Berlinale: Kohlhaase Ja, ich muss auch die bösen Kinder lieben

Drehbuchautor Kohlhaase erhält den Ehrenbären. Er weiß, wann ein Satz leuchtet, und kennt den Feind des klaren Gedankens.

Interview: M. Knoben

Ein Interview mit Wolfgang Kohlhaase ist schwer zu kriegen in diesen Berlinale-Tagen. Schon das ist bemerkenswert - es gibt nicht viele Drehbuchautoren, auf die der Medienbetrieb sich stürzt. An diesem Mittwoch bekommt Kohlhaase einen Ehrenbären für sein Lebenswerk. Der 78-Jährige ist einer der fruchtbarsten Künstler seines Fachs, er hat mit einigen bedeutenden deutschen Regisseure zusammengearbeitet, mit Gerhard Klein, Konrad Wolf und Frank Beyer in der DDR, nach der Wende mit Volker Schlöndorff und Andreas Dresen. Ein gar nicht so kleines Stück Deutschland wird in seinen Filmen bewahrt, gesellschaftliche Wirklichkeit, die Kohlhaase dicht an den Menschen erforscht. Dass er Sprache als Präzisionswerkzeug versteht, ist auch im Gespräch zu spüren.

SZ: In Ihrem Werk ist immer wieder von Berlin die Rede. Was ist das Besondere an der Stadt und an ihrer Sprache, dem Berlinerischen?

Wolfgang Kohlhaase: Berlin wurde, ohne dass ich etwas dafür kann, der Ort meiner Kindheit, und was man in den ersten fünf, sechs Jahren aus dem Küchenfenster sieht, bleibt einem bekanntlich erhalten. Und das Berlinerische ist ja nicht einfach eine bestimmte Färbung in der Sprache, es ist eine Denkweise. In allen großen Städten hat die Sprache ein besonderes Temperament, meist ist sie schneller.

SZ: Ihre Filme schildern sehr präzise das Milieu, in denen sie spielen. Warum ist das wichtig?

Kohlhaase: Wenn Sie sich vornehmen, eine Geschichte im Alltäglichen zu erzählen, dann muss das Alltägliche ja irgendwo sein. Wenn Sie von einem Ort der Welt genau sprechen, dann können Sie an vielen Orten der Welt verstanden werden. Was nicht viel taugt, ist das Beliebige. "Irgendwie" ist der Feind jedes klaren Gedankens.
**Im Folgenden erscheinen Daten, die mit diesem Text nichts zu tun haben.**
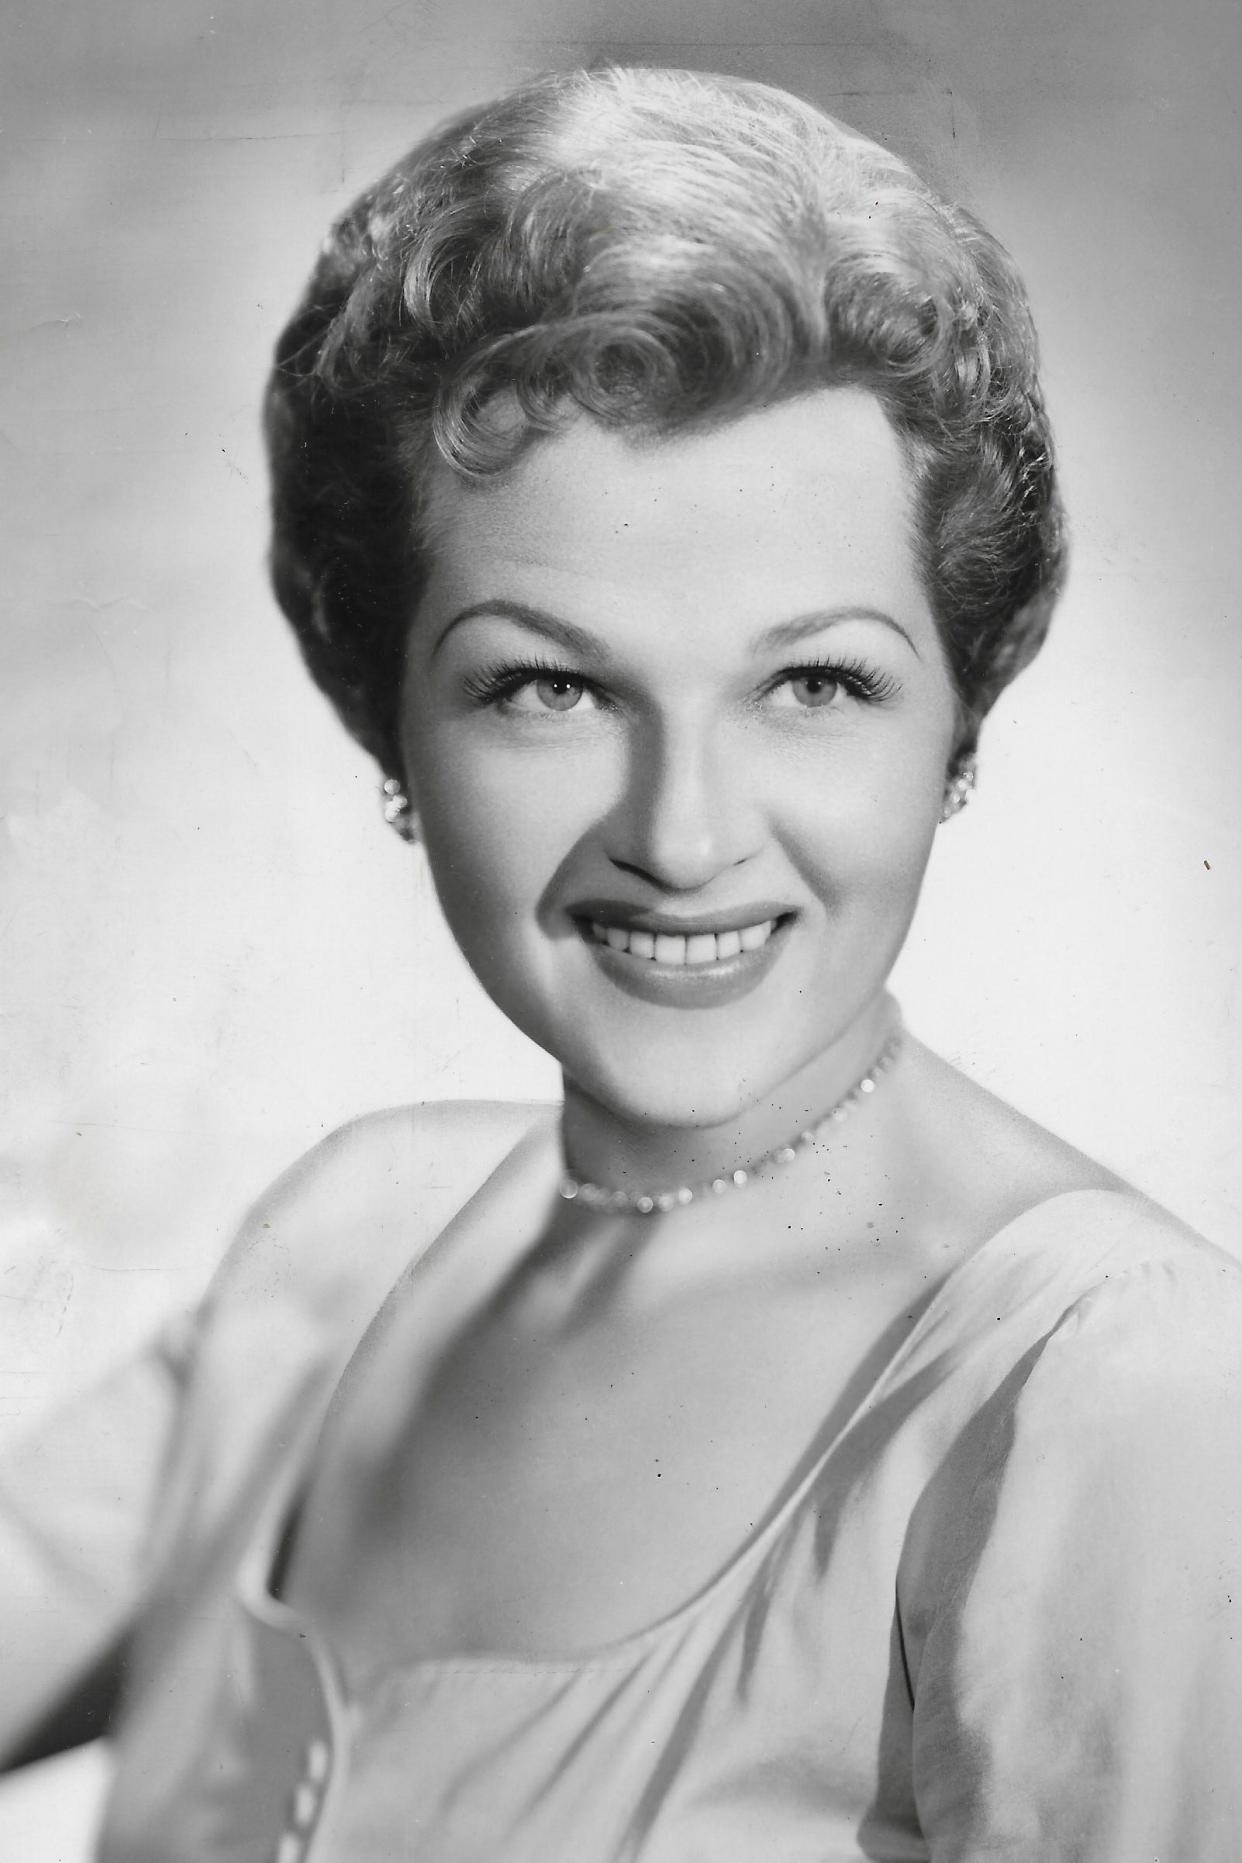 Jo Stafford is the star of “The Jo Stafford Show” on CBS in the 1950s.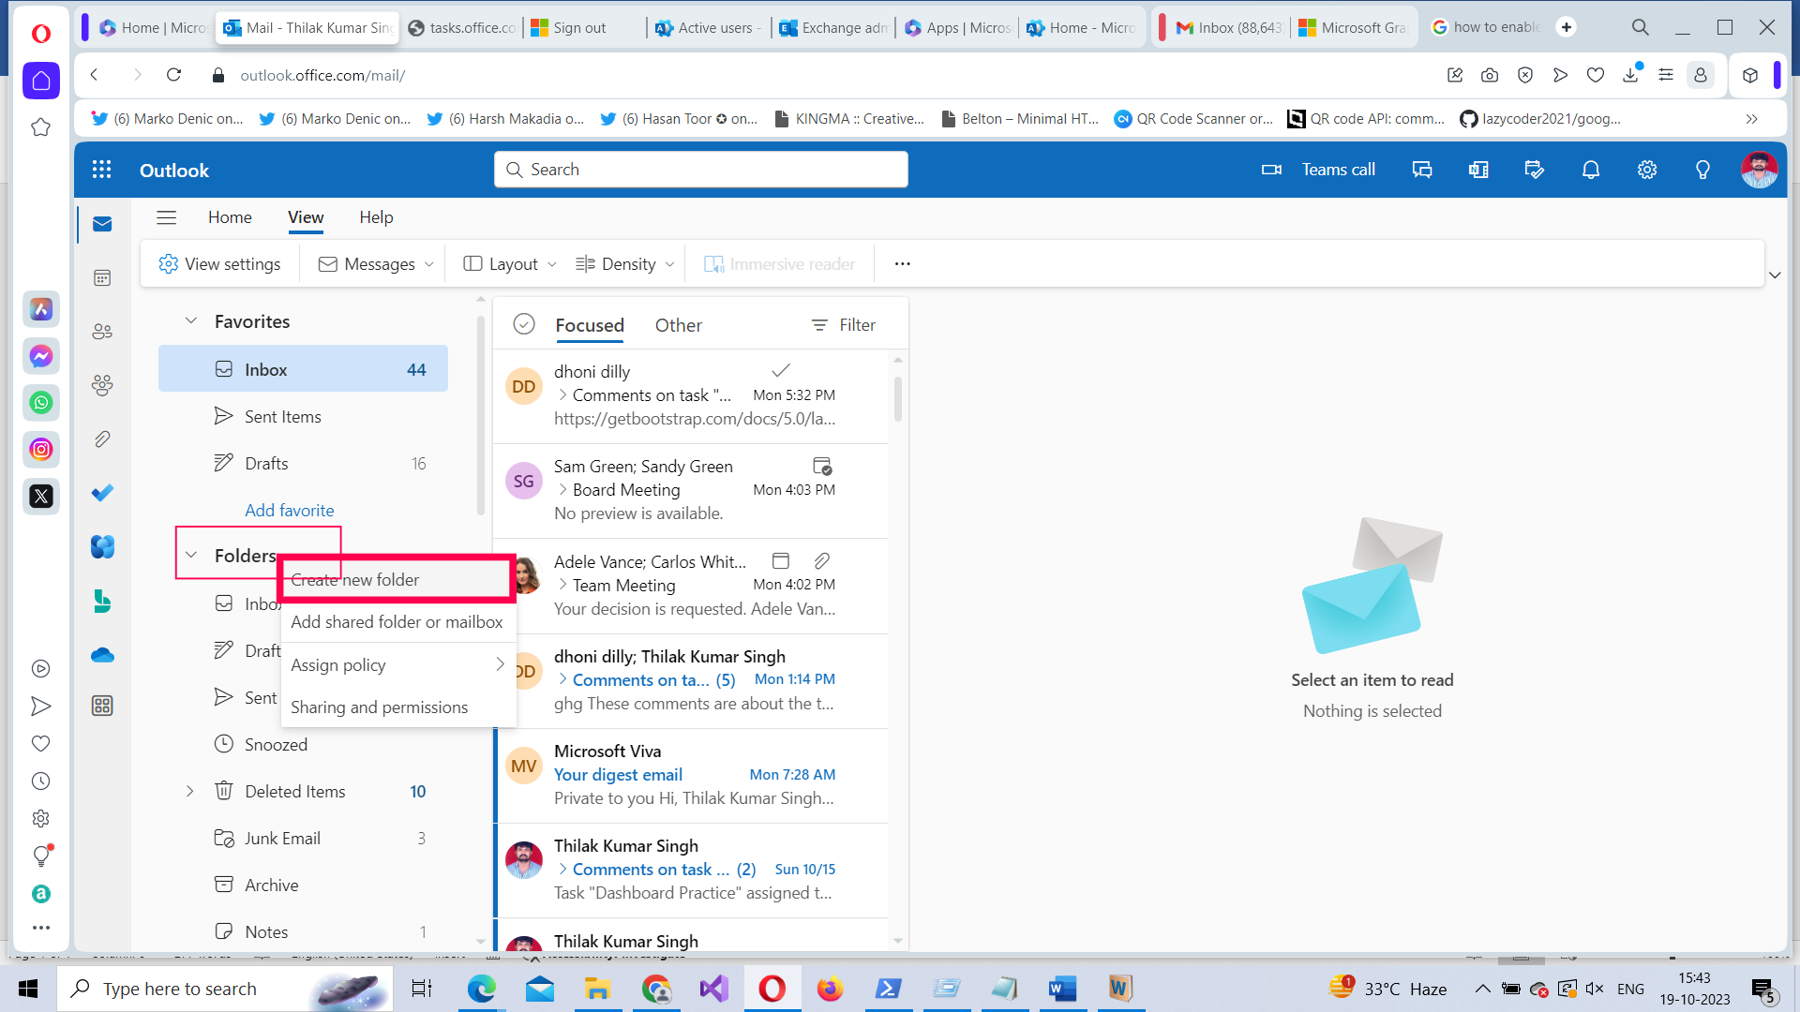 This screenshot explains how you create a new folder by right-clicking the folders option in the Microsoft 365 Outlook web app.

SZ: Viele Ihrer Figuren scheinen sich immer wieder neu erfinden zu müssen. Eine Erfahrung, die Sie auch selbst gemacht haben?

Kohlhaase: Die wirklichen Abenteuer sind nicht die, die man sich vornimmt, sondern die, in die man stürzt. Man sucht sich nicht aus, was einem passiert. Und wo Menschen in Situationen geraten, die sie so nicht vorhatten, aber in denen sie leben müssen, steckt etwas von dem, was mich immer interessiert hat - die tägliche Tapferkeit, die man zum Leben braucht.

SZ: Sie haben auch nach der Wende Erfolg gehabt. Warum sind Sie mit dem biographischen Bruch zurechtgekommen, während andere scheiterten?

Kohlhaase: Ich habe mir nach der Wende durchaus die Frage gestellt, wem ich denn in Zukunft welche Geschichten erzählen kann. Ich kam in eine größere Publikumslandschaft, in der jahrzehntelang das amerikanische Kino eine große Rolle gespielt hatte, das sage ich jetzt wertfrei. Ich habe dann dieses oder jenes versucht, was nicht direkt aus meiner Mitte kam, etwa mit Frank Beyer noch mal eine Variante des Hauptmann von Köpenick fürs Fernsehen. Bis ich letztlich dahinterkam, dass ich ja nichts anderes tun kann, als bei mir selbst zu bleiben und das zu machen, was ich immer gemacht habe - vor die Haustür treten sozusagen. Und es war für mich hilfreich, dass ich Andreas Dresen getroffen habe, der aus einer ähnlichen poetischen Provinz kommt, obgleich er so viel jünger ist.